Inspired by the posting, I have revised my Federal Tax Procedure text to include the points that some Tax Court appeals are exclusively to the Court of Appeals for the District of Columbia Circuit and that, at least as to those appeals for now, the application of the Golsen rule will mean that the District of Columbia Court of Appeals will set uniform national law on the issues, meaning that certiorari to the Supreme Court will be based exclusively on importance of the issue and not on conflict among the circuits.  (That is overbroad, but a sufficient generalization for now.)

The concept of a single court of appeals, variously formulated, for tax cases has been around for many years, with many proponents and opponents.  It is a long history which is suggested by the following quote from an article (in a footnote, no less):  Ruth Bader Ginsburg and Peter W. Huber, The Intercircuit Committee, 100 Harv.
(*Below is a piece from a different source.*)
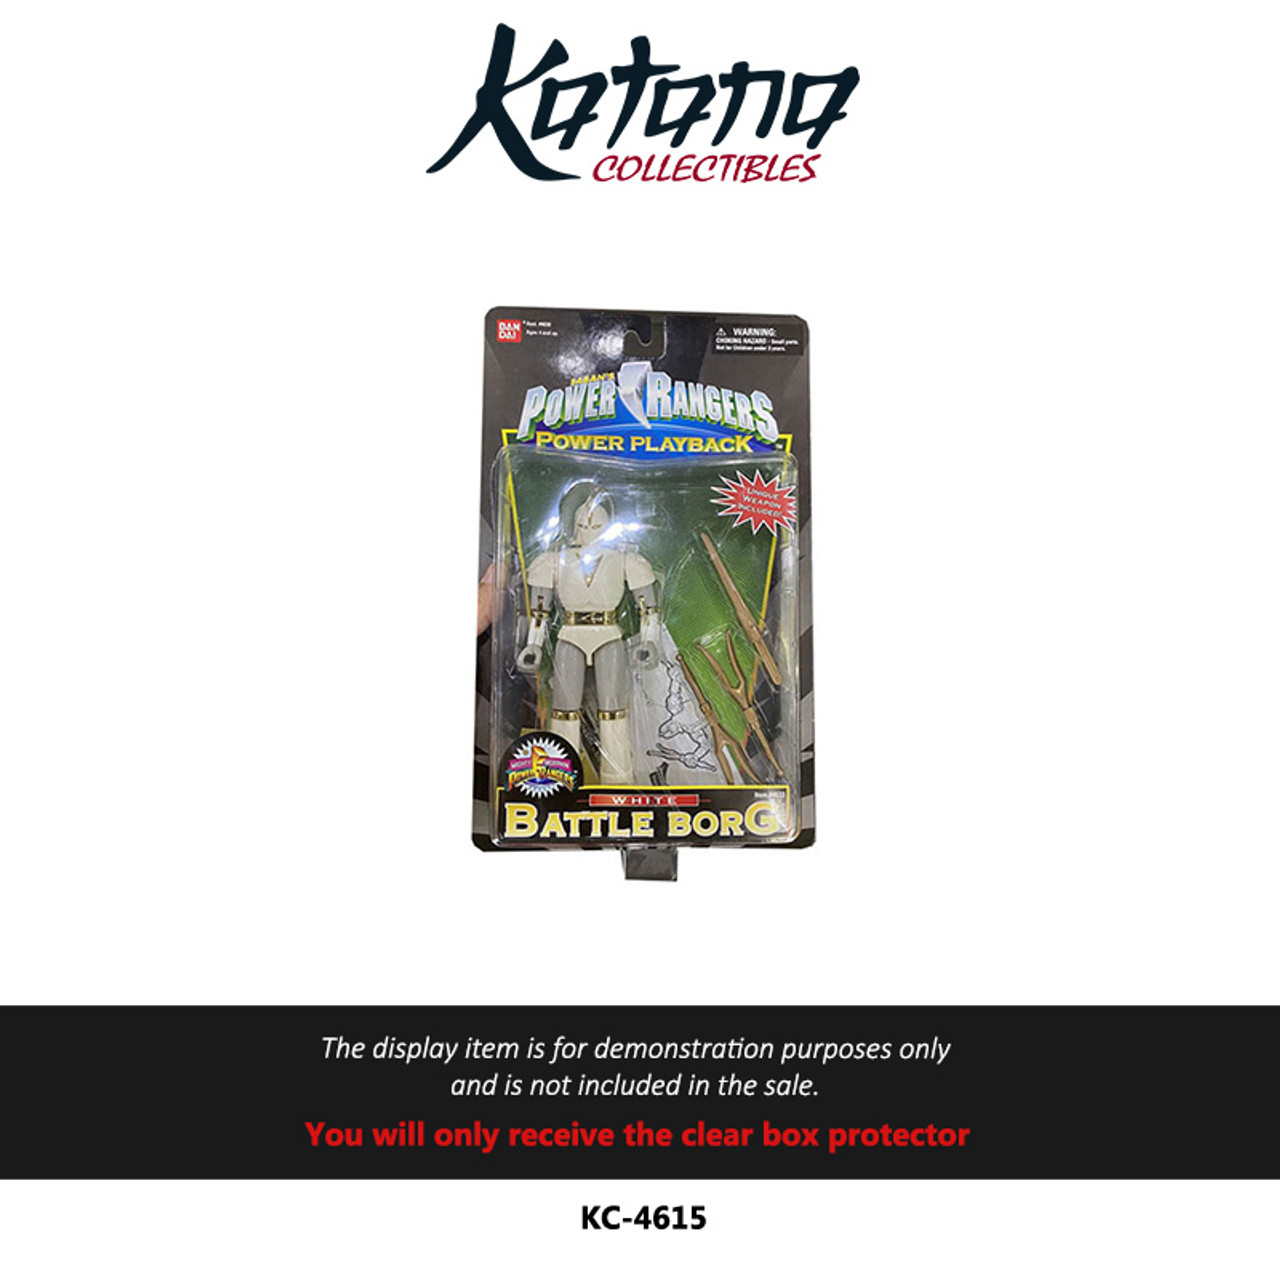 Katana Collectibles Protector For Power Rangers White Battle Borg Figure

L. Rev. 1417, 1429 n. 61 (1987):
There may be a few discrete bodies of law so arcane and complex that no other solution will do. The Federal Circuit now satisfies the need for early appellate declaration of national law in certain areas, notably, patent disputes. See 28 U.S.C. § 1295 (1982) (assigning to the United States Court of Appeals for the Federal Circuit exclusive jurisdiction over enumerated matters, including appeals from the district courts in patent cases, appeals from the Merit Systems Protection Board, appeals from the agency boards of contract appeals, and appeals from the district courts in certain cases against the United States); see also S. REP. NO. 275, 97th Cong., 2d Sess. 3, 4, reprinted in 1982 U.S. CODE CONG. & ADMIN. NEWS 11, 13, 14. Congress believed that the federal judicial system lacked sufficient capacity "to provide reasonably quick and definitive answers to legal questions of nationwide significance." Id. at 13. It therefore established the Federal Circuit to adjudicate definitively in areas where the legislators found "special need for nationwide uniformity." Id. at 14. 
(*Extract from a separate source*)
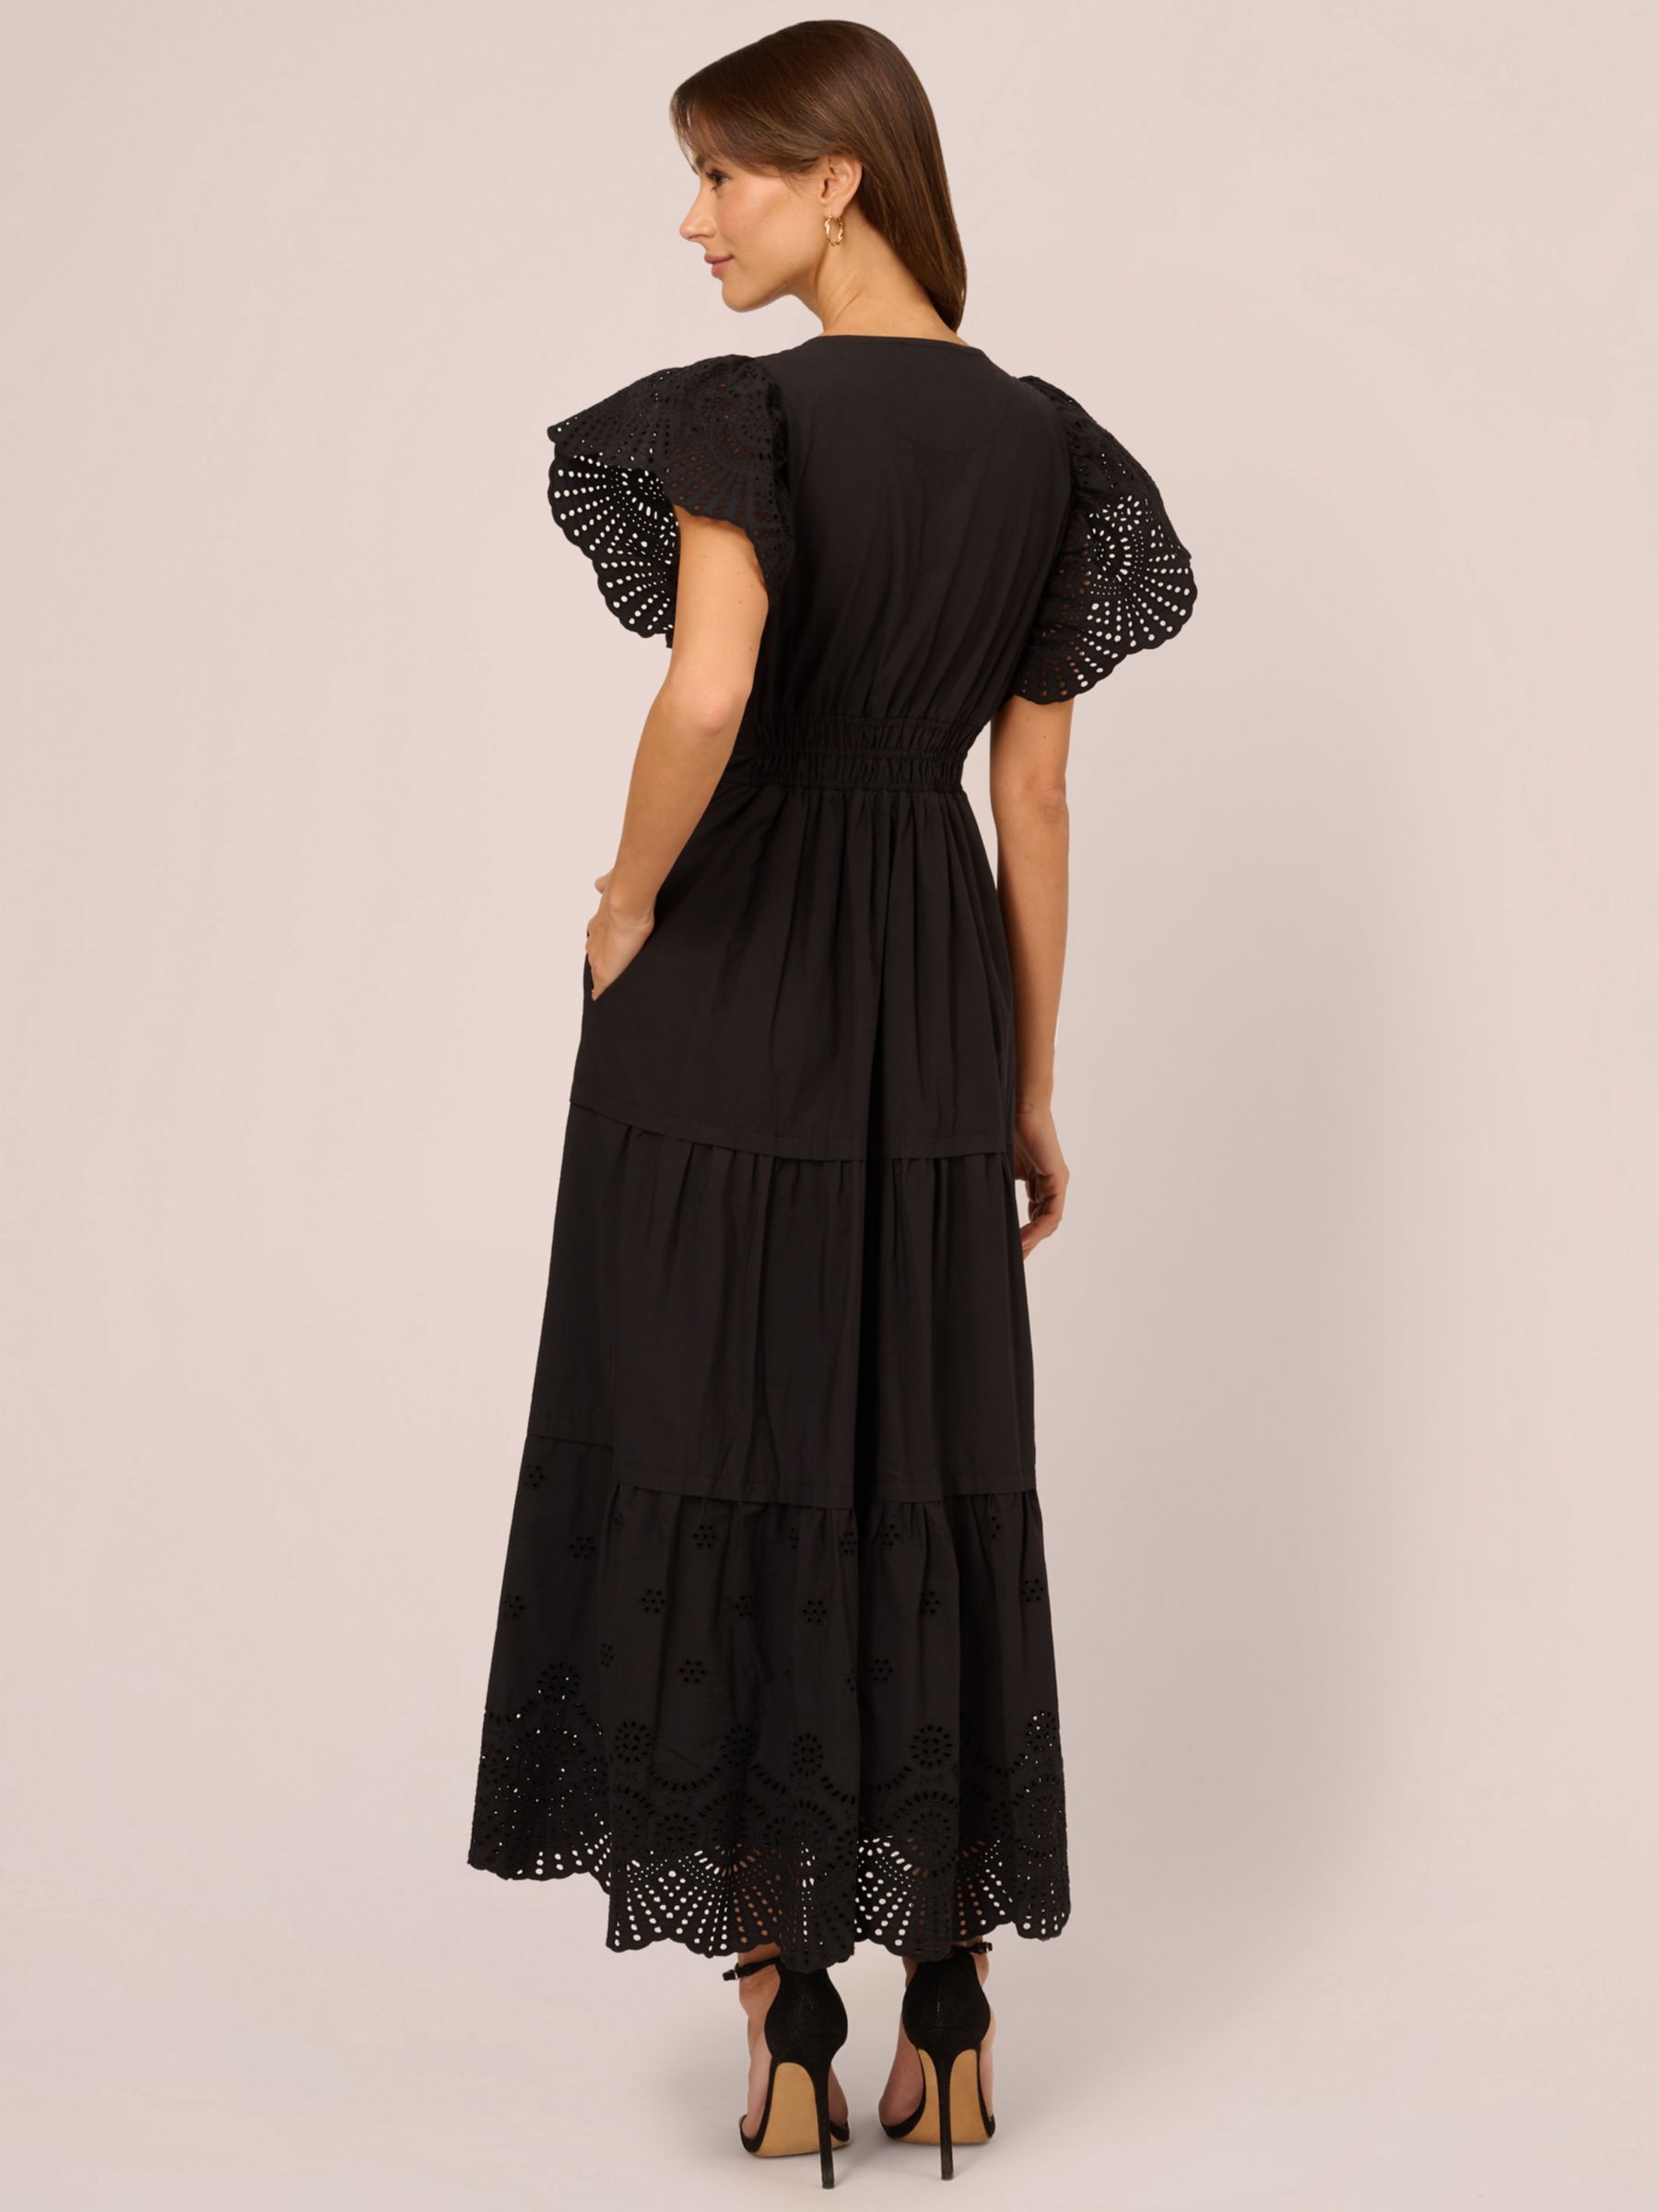 Adrianna Papell Eyelet Trim Dress, Black, XS

A single court of tax appeals could promote uniformity and coherence in another federal law domain populated by specialist advocates and rarely benefited by the labors of generalist judges, including those on the Supreme Court. See H. FRIENDLY, FEDERAL JURISDICTION: A GENERAL VIEW 161-71 (1973); Ginsburg, Making Tax Law Through the Judicial Process, 70 A.B.A. J. 74 (1984); Griswold, The Need for a Court of Tax Appeals, 57 HARV. L. REV. 1153 (1944).